Shoulder problems are one of the most common musculoskeletal complaints affecting approximately 7% to 21% (elderly) of the UK population. With the recent change in working habits, the fact that people are not commuting and often sitting in poorly ergonomic set up positions, this has become even more common.
Shoulder pathologies can be subdivided in:
1-Rotator cuff disorders
4-Acromioclavicular joint osteoarthritis
5-Glenohumeral joint osteoarthritis
6-Reffered Neck pain
For this blog, I will be reviewing rotator cuff disorders and suggesting some simple strategies to reduce the risk of developing this pathology.
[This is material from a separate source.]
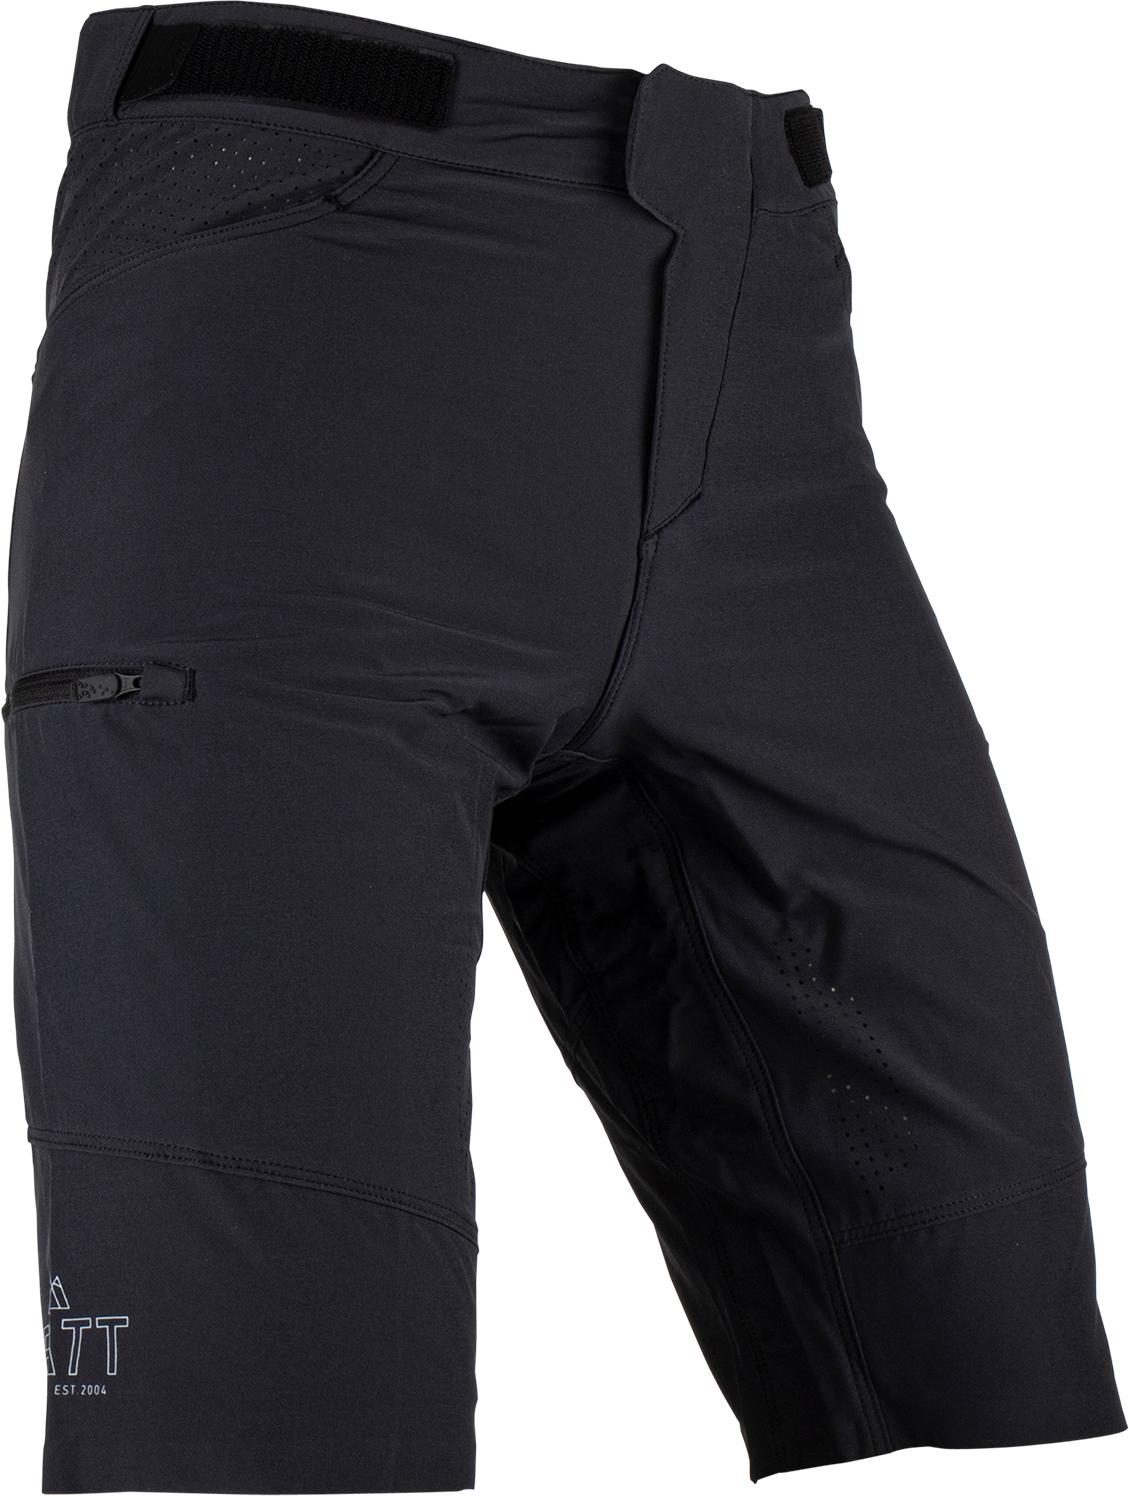 Leatt Mtb Trail 3.0 Shorts - Black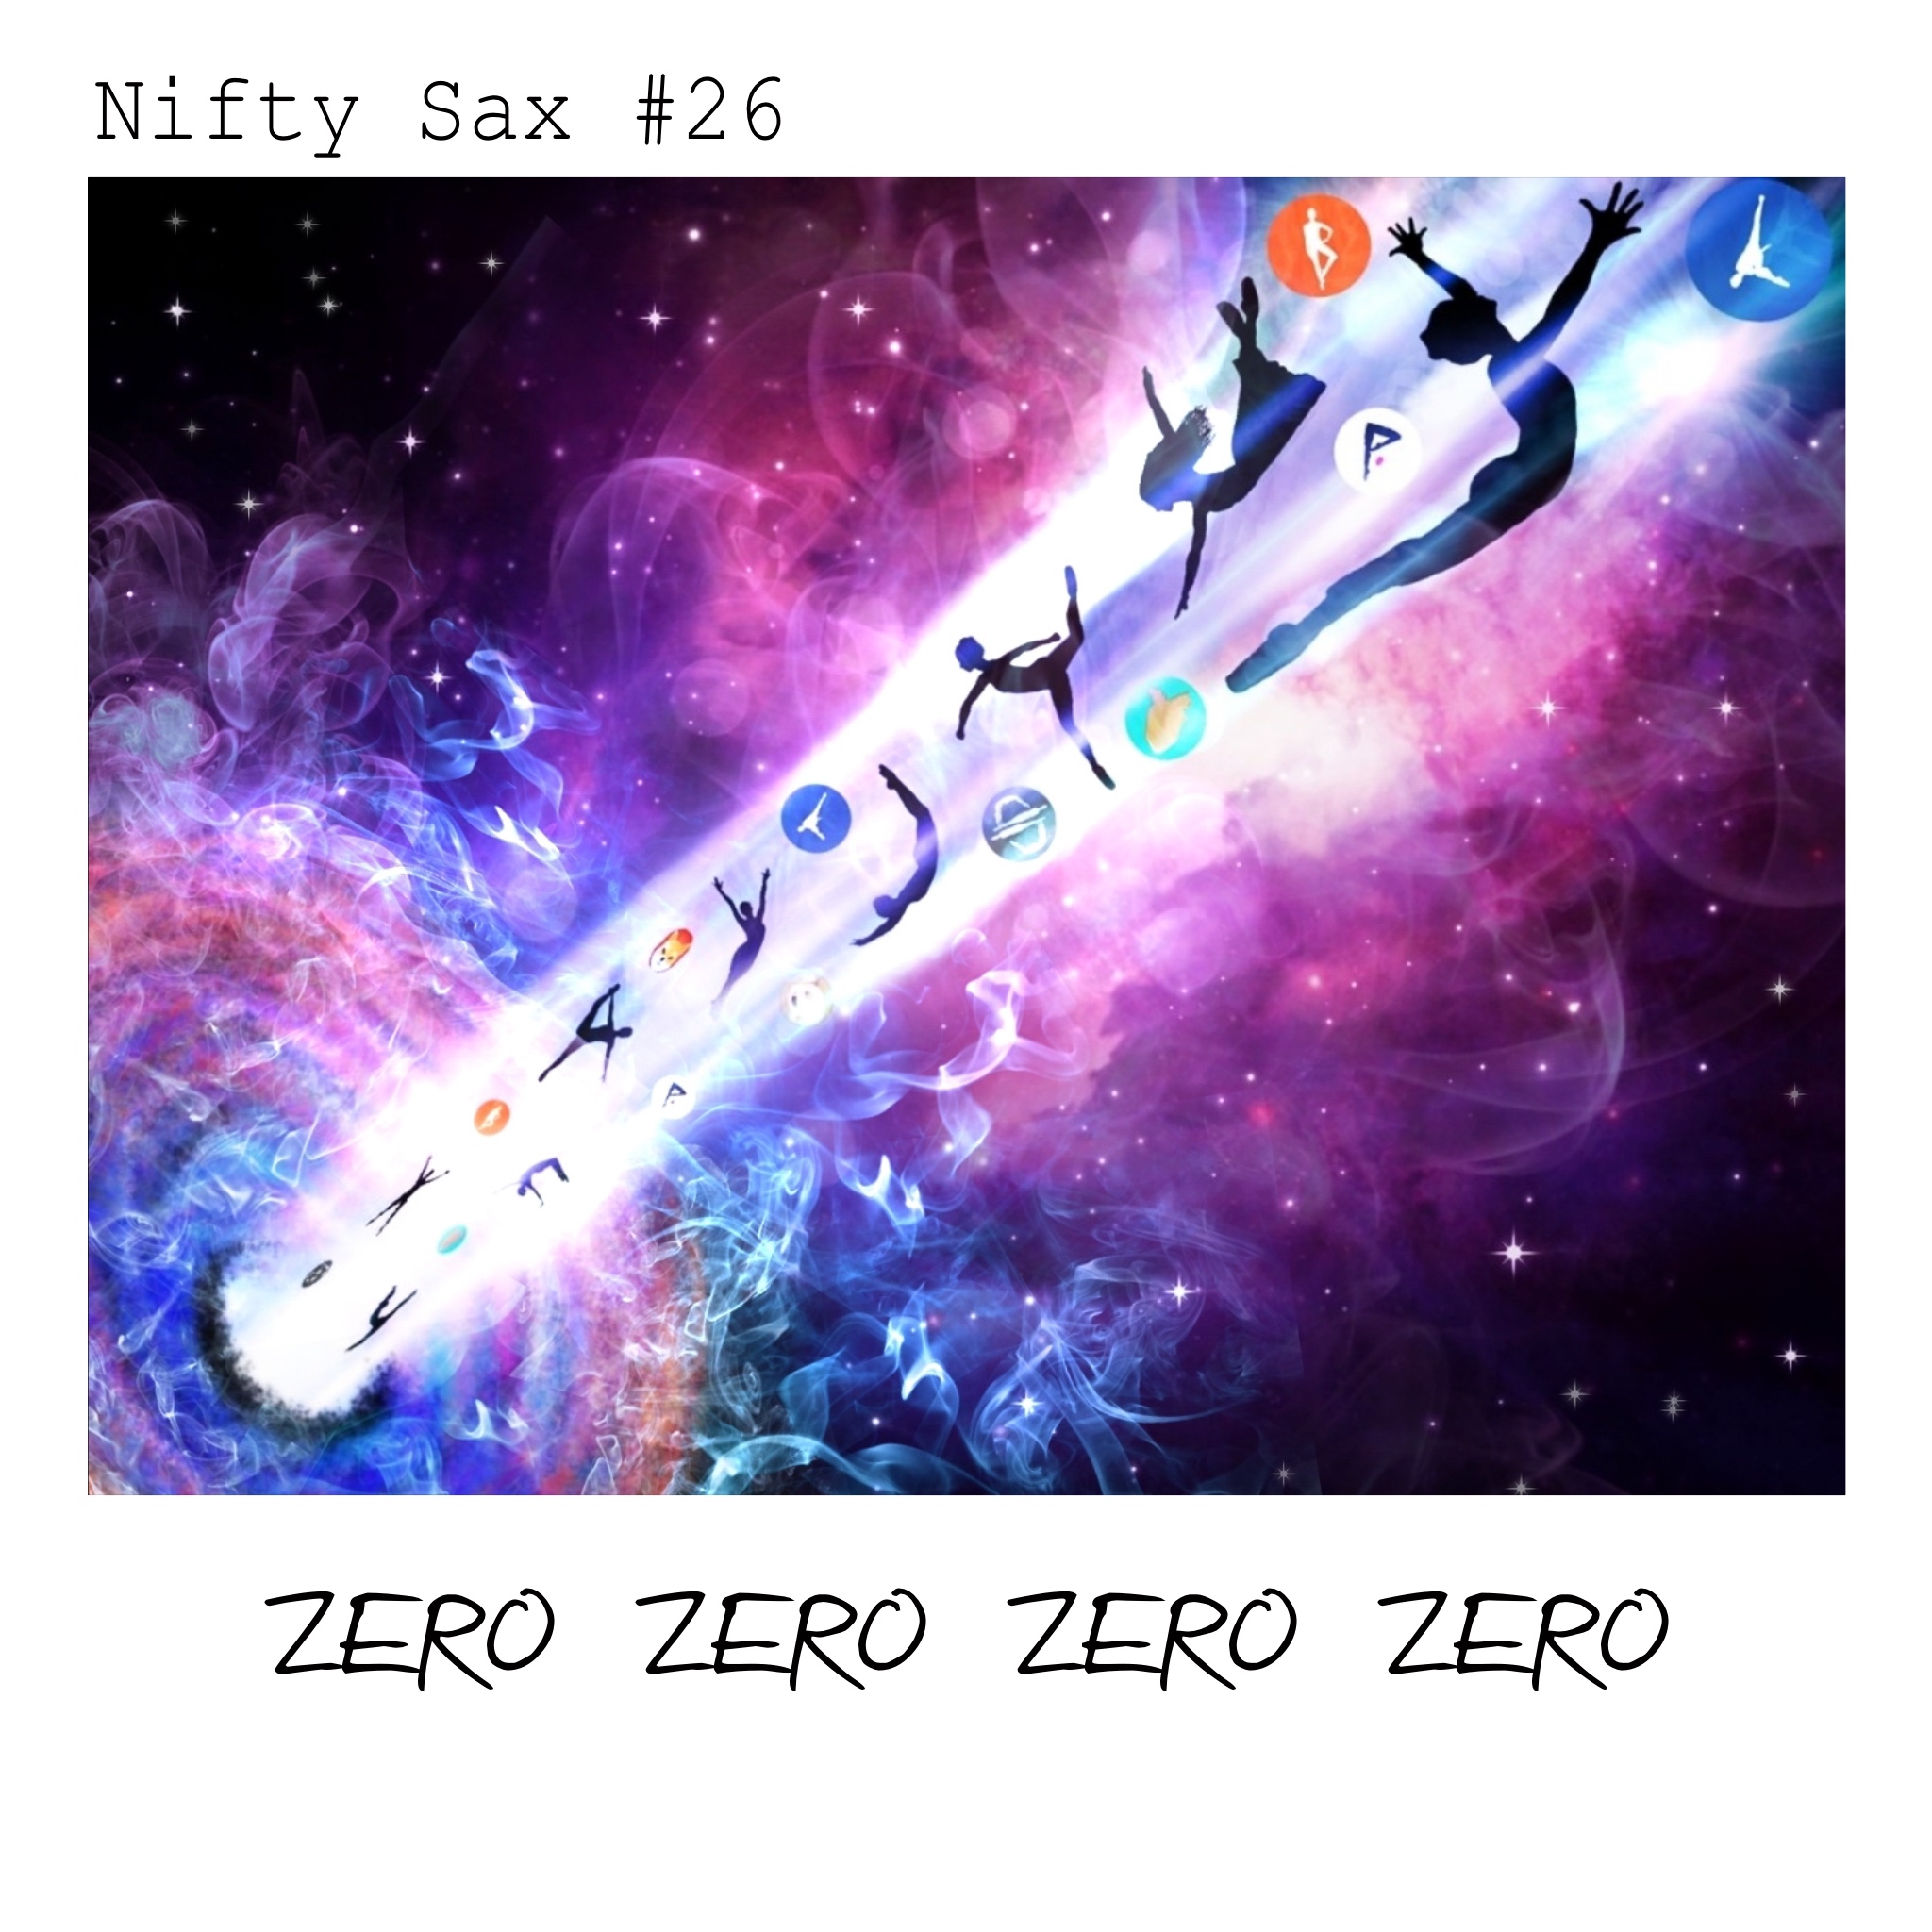 Nifty Sax: Genesis #26 - Zero Zero Zero Zero

Rotator cuff disorders refer to the muscles and tendons that surround and stabilise the shoulder joint. Rotator cuff disorders include rotator cuff tendinopathy and partial rotator cuff tears.
Rotator cuff pathology may include both subacromial impingement, bursitis and tendinopathy. The impingent takes place between the acromion and the and the rotator cuff tendons
Posture-This will include the position of your
1-Thoracic spine (mid and upper back)
2-Shoulder blade position
An increased flexed upper back (kyphotic curve) can decrease the natural range of motion of your shoulder and increase the risk of developing rotator cuff disorders. In this position the shoulder is forced forward by gravity and thus is unable to function efficiently.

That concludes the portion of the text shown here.